Вокансону также приписывается идея построить действующую модель человека, что, видимо, не вполне верно. Хотя самым первым проектом Вокансона была «движущаяся анатомия», «которую он описывал, как машину, «состоящую из нескольких автоматов, и в которой физиологические процессы нескольких животных воспроизводятся движением огня, воздуха и воды». Об этой первой машине известно крайне мало - лишь то, что Вокансон совершил с ней успешное турне по Франции. Позднее он вернулся к своему проекту и в 1741 году представил на рассмотрение Лионской Академии замысел «создать автоматическую фигуру, движения которой будут воспроизводить все процессы в теле животного, как-то: кровообращение, дыхание, пищеварение, движение мускулов, сухожилий, нервов и т.д.… (Используя этот автомат, мы сможем осуществлять опыты по физиологи животных и… делать из них выводы, позволяющие нам распознавать разные состояния человеческого здоровья». Похоже, что эта машина так и не была завершена. Но и через двадцать с лишним лет, не расставшись со своей идеей, пусть и в более скромной форме гидравлической модели кровеносной системы, Вокансон обращается за помощью к Людовику XV . Король поддержал проект постройки машины в Гвиане, где можно было бы использовать «эластичный каучук» для изготовления вен. Эти вены стали бы первыми гибкими резиновыми трубками. И опять замысел не был осуществлен, хоть и остался, как еще одно свидетельство желания использовать жизнеподобные материалы для имитации органов человека и животных»[13].

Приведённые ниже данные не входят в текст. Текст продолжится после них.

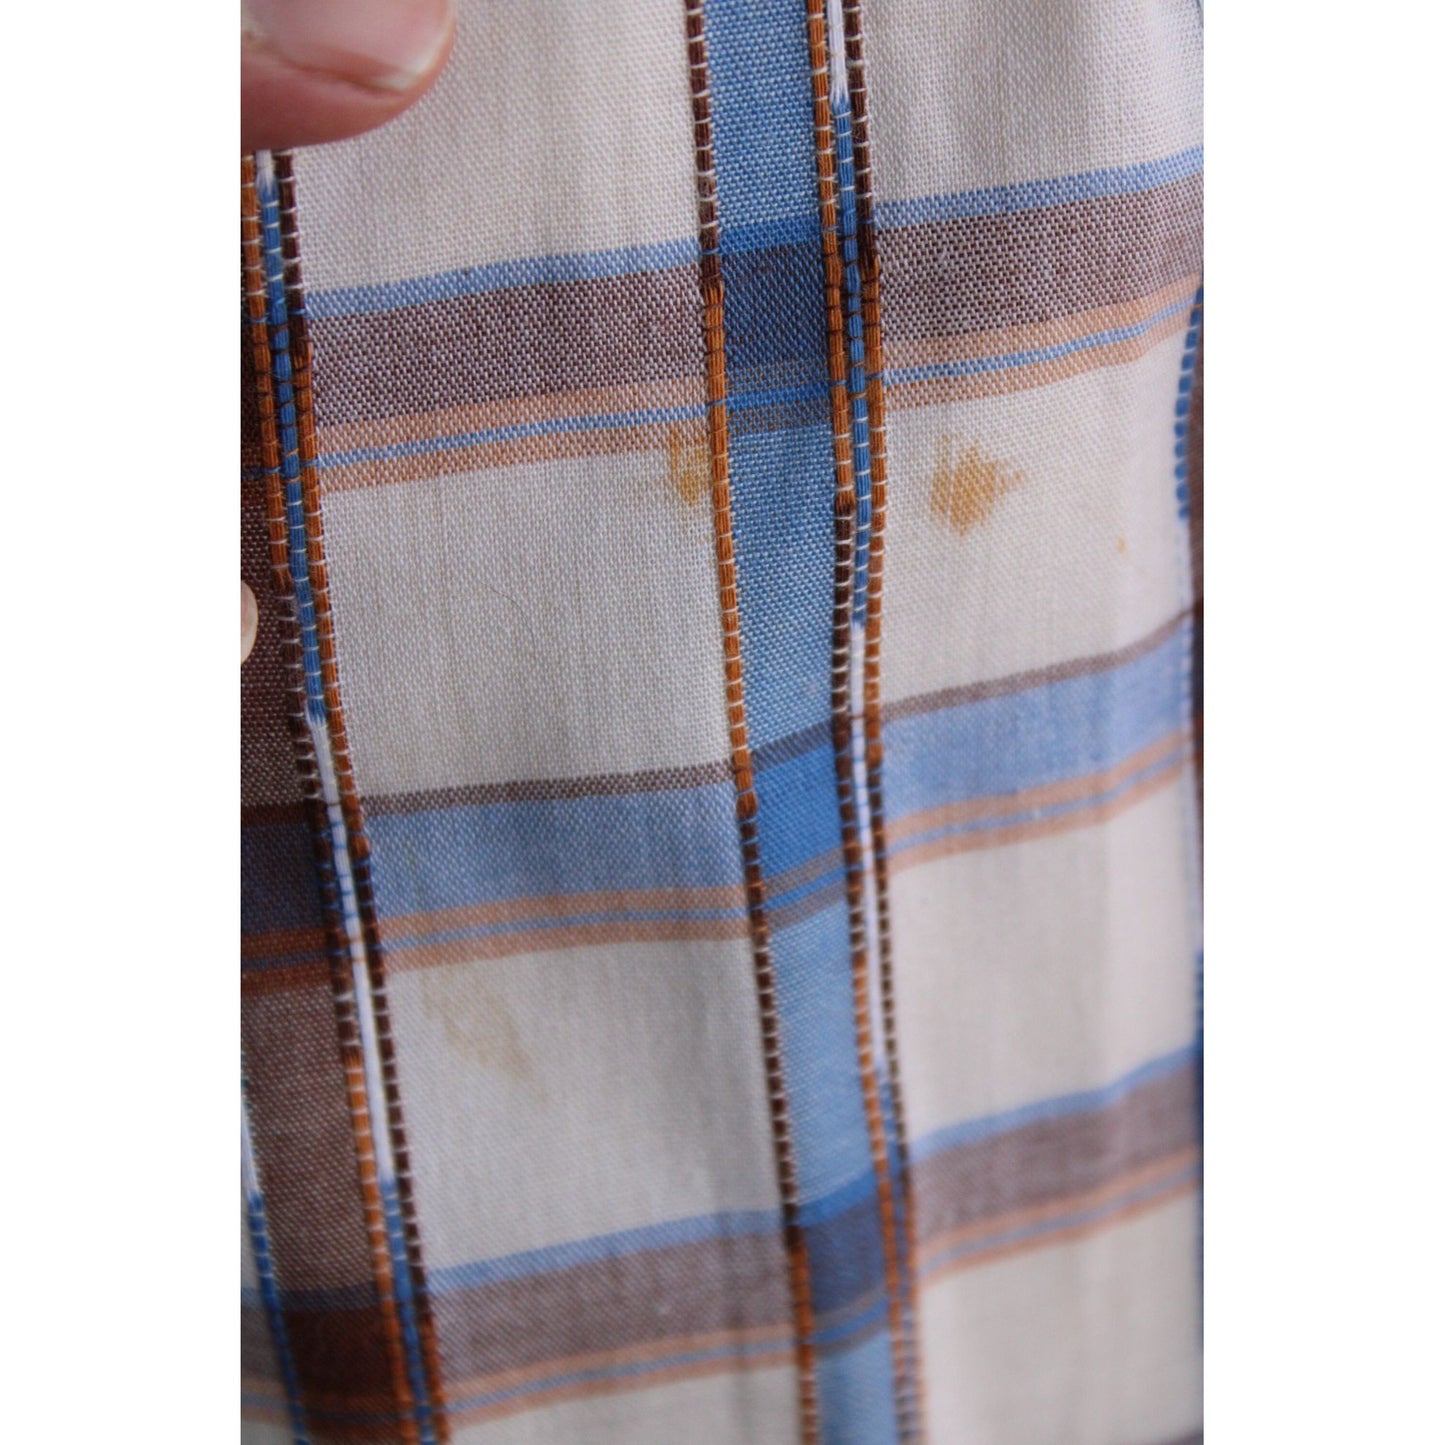 Vintage 1960s 1970s Plaid Blue and Brown Check Full Skirt

Все же идея создания искусственного подобия человеческого организма действительно высказывалась одним французским врачом, полагавшим, что вполне возможно создать модель, воспроизводящую обменные процессы и физиологические реакции.

«Хирург… по имени Клод-Николя Ле Ка[14]… в 1739 году опубликовал описание (ныне утраченное) «автоматического человека, в котором можно видеть исполнение основных процессов животной экономики», а именно кровообращения, дыхания и «выделения». Его идея, как и у Вокансона ,… состояла в том, что на таком автомате можно ставить опыты, проверяя различные способы лечения человека. Неясно, что стало с первоначальным проектом, но Ле Ка вернулся к своему замыслу в 1744, когда на заседании Руанской Академии прочитал доклад, содержавший то же предложение «построить искусственного человека или автомат, в котором он намеревается показать все функции организма - циркуляцию крови, сокращения сердца, работу легких, поглощение пищи и ее переваривание, выделение, заполнение кровеносных сосудов и их опустошение при кровотечениях,» - и дальше Ле Ка воспроизвел особенность современной ему механистической философии, трактовавшей язык в ряду телесных отправлений, - «речь и произношение слов». Доклад собрал множество слушателей, один из которых описал эту сцену следующим образом: «Месье Ле Ка поведал нам о замысле создать искусственного человека. Его автомат будет обладать кровообращением, дыханием, квази-пищеварением , выделением, а также сердцем, легкими, печенью, мочевым пузырем и, прости Господи, всем, что оттуда исходит. Если он подхватит лихорадку, мы пустим ему кровь, дадим ему слабительного, и он будет совсем как человек - даже слишком». Утверждение о том, что можно построить человека-машину, который мог бы не только дышать и усваивать пищу, но и говорить, болеть лихорадкой, лечиться и вылечиваться от болезни, подразумевало знание не только о том, что есть человек, но и о том, что есть машина»[15].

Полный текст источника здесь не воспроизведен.